コウは学校で上手くいかずに不登校になっていた。
そんなコウに対して、夜は新たな居場所として機能する。
主人公のコウは中学2年生であり、外泊することもお酒に頼ることも、煙草に頼ることも許されない。
本来的には家庭や学校が居場所であるべきなのだが、コウにはそれがない。
機能不全を起こしている家庭や学校を抱える未成年にとって、インターネットや夜が残された居場所としての選択肢なのだ。
「よふかし」の報復性
作中でも語られている、「人が夜ふかしをするのは今日という日に満足していないからだ」という言葉は、「よふかし」の報復性を示唆するキーワードだと思う。
実際に、私も学校や会社で満足できていないときは「よふかし」をしてしまう。
私の場合は夜の公園に散歩に行き、物思いに耽ってみたり本を読んでみたりしている。
ただ、「よふかし」はそれだけではない。
ベッドでSNSを見続けてしまうのも、動画を見続けてしまうのも、夜に長電話をしてしまうのも、ゲームを遊んでしまうのも
全て「よふかし」なのだ。
そしてこれは、昼間に自分の好きなことや楽しみたいことが満足に行えなかった報復性の表れなのだ。
私達は何に満足するのか
単に「よふかし」するだけでは、満足できない。
先ほど「よふかし」の例としてSNSや動画、電話やゲームを挙げた。
これらの共通点は、直接的間接的の違いはあれど「他人の介在」だろう。
SNSでは他人のミニブログが、動画では他人の記録や思い出が、電話は他人とのコミュニケーションが、ゲームでは他人を模したキャラクターが居る。(オンラインならそれこそ仲間やライバルが)
そうだ、結局我々は寂しくなってしまうのだ。
どんなに人が嫌いになろうと、どんなにつらいことがあろうと、他人を求めてしまう。
それが我々、「人間」なのだろう。
他人との繋がり
『よふかしのうた』のサブテーマは恐らく「恋愛」「異種族交流」だろう。
人間と人間が恋をするように、吸血鬼と人間が恋をする。
ただし、異種族での恋愛には枷が付き纏う。
これがドラマを生み出していく。
『よふかしのうた』において、人間の恋愛は現実のそれと比べて純粋かつ一途であることが見て取れる。
それと対比するように、吸血鬼の恋愛は「食事」「遊び」として表現されている。
その差こそが、人間-吸血鬼間での文化の違いであり、恋愛に対してどこか人間的な価値観を持つ七草ナズナが特異な吸血鬼であることの説明にもなっている。
他人との繋がりの最終系は恋愛だろう。
精神の交わりと肉体の交わりが存在する関係性そのものが、人間にできる最大限の交流であり、好意の表現なのだ。

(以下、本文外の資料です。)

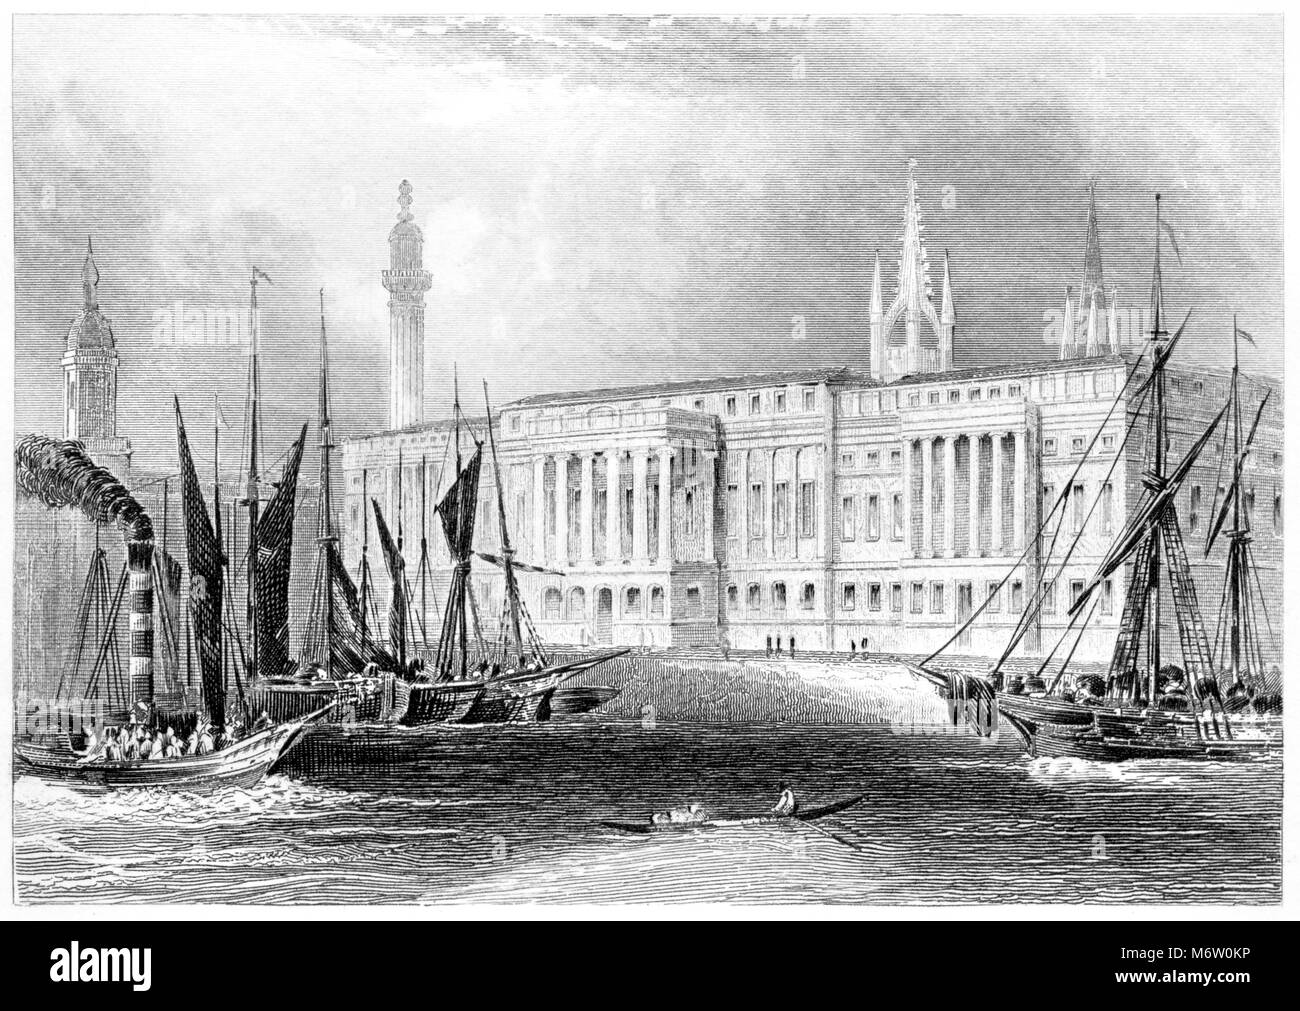 An engraving of The Custom House, London scanned at high resolution from a book printed in 1851.  Believed copyright free. Stock Photo
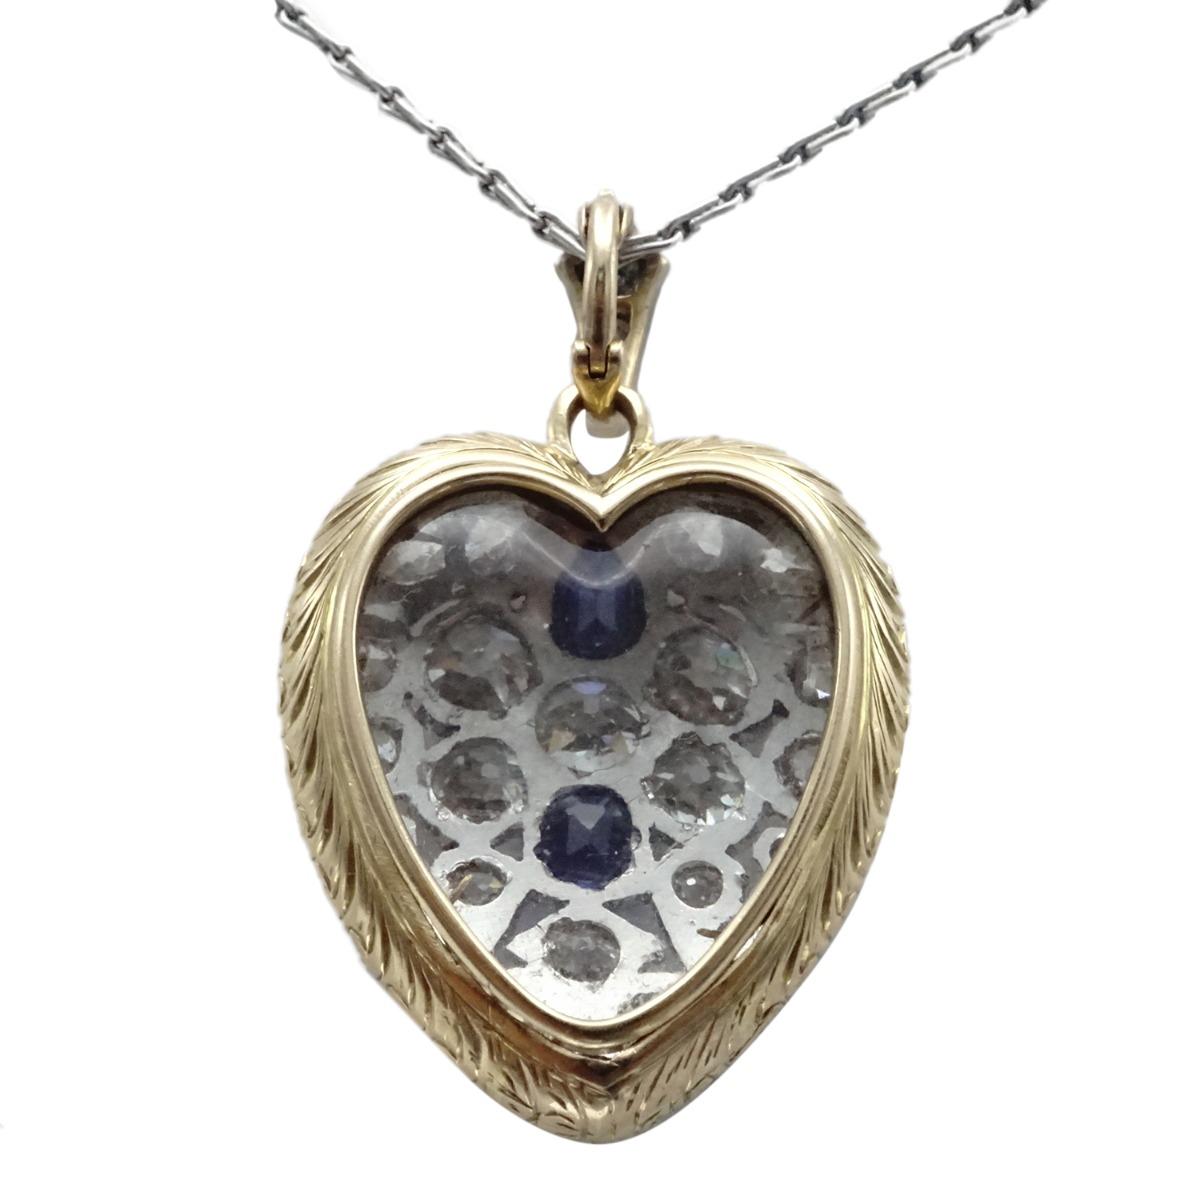 Crafted in platinum and 18 karat yellow gold this locket features old european cuts and 2 cushion cut beautiful sapphires.  Locket dimensions length 1 1/2

それ故に『よふかしのうた』における事件の発端はすべて恋愛絡みであったのだと思う。
私達の「よふかし」
私達はずっと「よふかし」してしまうのだろう。
少なくとも私の記事に辿り着いてくれた読者の方々は。
『よふかしのうた』は私達の情動の根幹とも言える部分に焦点を当てて、夜に寝られない私を解き明かしてくれた。
アニメ1期以降の話は、ネタバレを避けるために言及しなかったのだが、この後も先に述べたような「恋愛」「異種族交流」のようなドラマが続いていく。
コウとナズナの行く末についても、ぜひコミックで楽しんでほしい。
また、執筆時点でアニメ2期の制作が決定している。
アニメ1期はまだ始まりの物語であったので、2期でどこまで映像化されるのか楽しみだ。
私はアニメから入り、続きが見たい!と思っていたもののコミックを買わずにいた。
そんな私の背中を押してくれた、さとりちゃんに感謝を込めて。